But this debate skips over an important point. The vast majority of America’s urban population prefers to live in the suburbs. Indeed, suburban development predates urban expressway construction; urban growth followed the paths of new trolley and interurban train lines. There’s little reason for policymakers to be concerned about suburban sprawl or use government power to discourage it.
Taxpayers, however, shouldn’t have to pick up the tab for other people’s preferences for suburban living, yet that has been the effect of the federal interstate highway program since the mid-1950s. The construction of free beltways and expressways has subsidized suburban development. The “correct” or efficient amount of suburban development is the amount that consumers are willing to pay for so long as they bear the incremental costs of land acquisition and expressway construction.

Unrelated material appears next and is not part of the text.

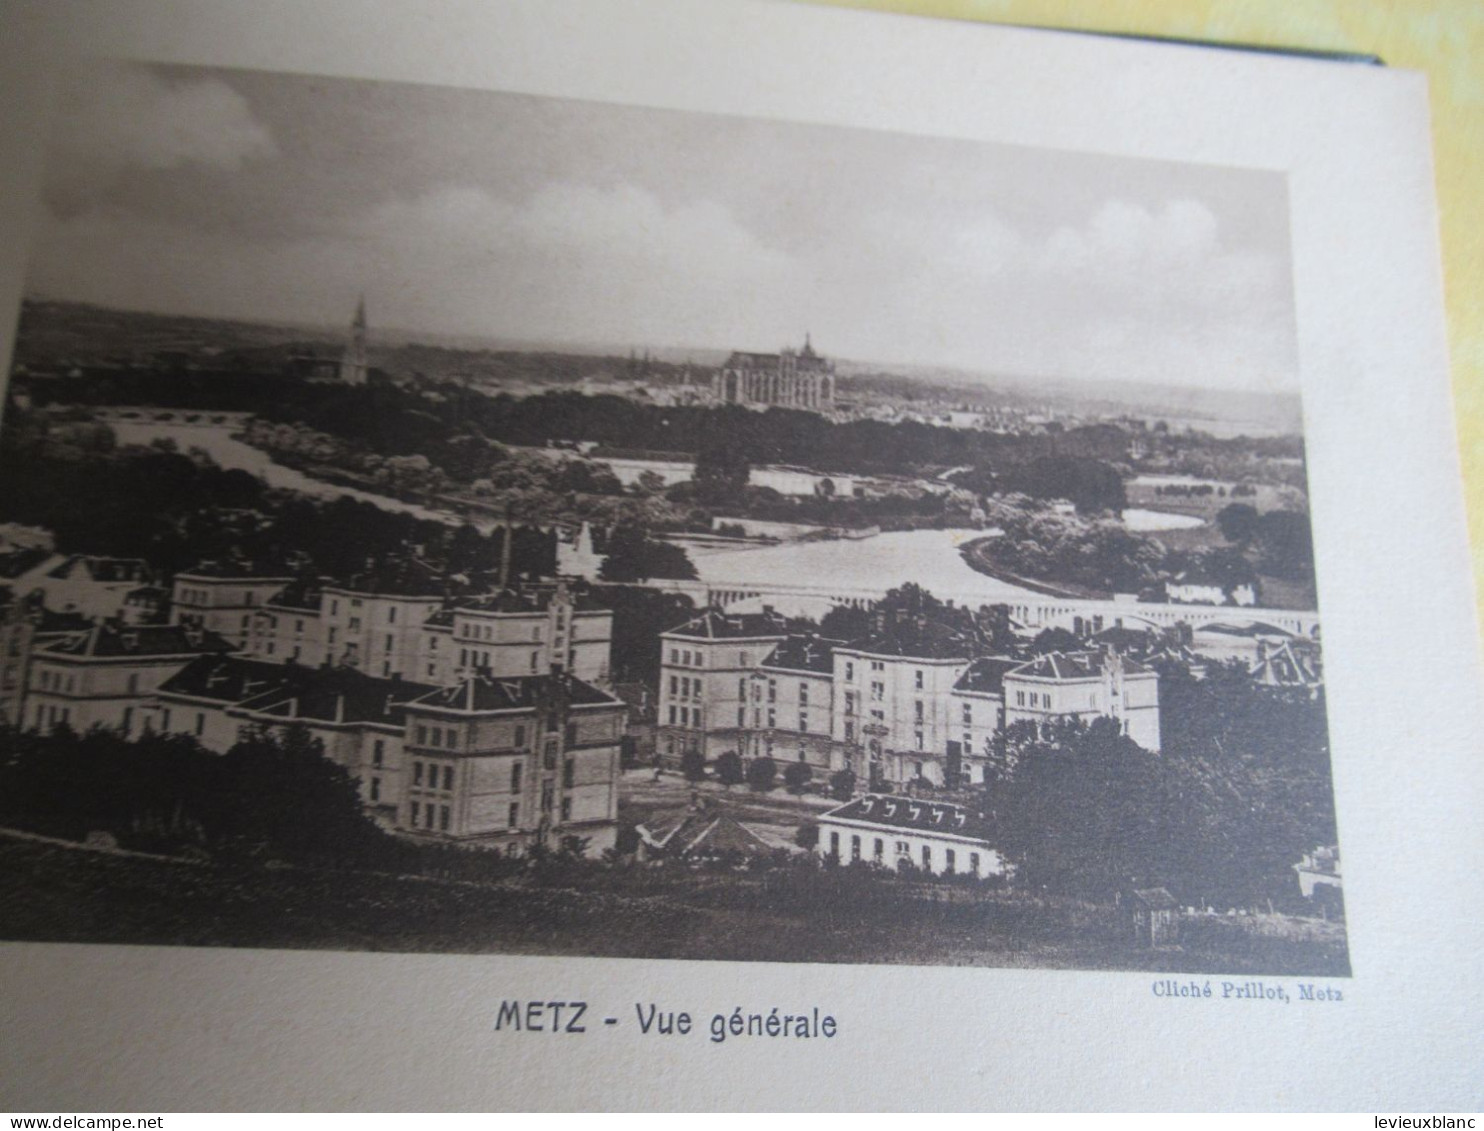 Carnet Souvenir 17 Vues De METZ/offert Par La Maison FABRE/grainetier/METZ (Moselle) /rue Mazelle/vers  1920-30   PGC552 - Dépliants Turistici

To be sure, user charges and gasoline taxes approximately equal the construction and maintenance costs of major highways. But the financing of urban beltways and radial expressways from the Federal Highway Trust Fund represents a subsidy to suburban sprawl — because all highway users pay taxes in proportion to their gasoline usage, but urban beltways and expressways are the most expensive to build and maintain. And because the number of lanes of urban highways is based on peak-period rather than off-peak travel needs, the cost of constructing and maintaining urban expressways should be paid by peak users only. For example, a 1975 study showed that urban interstate highway costs averaged about 1.3 cents per vehicle-mile; however, the cost of serving peak-hour users in Boston and San Francisco was as high as 10 to 30 cents per vehicle-mile. If the users of such roads during peak times had to pay for their costs, the supply of and demand for such roads would be much less.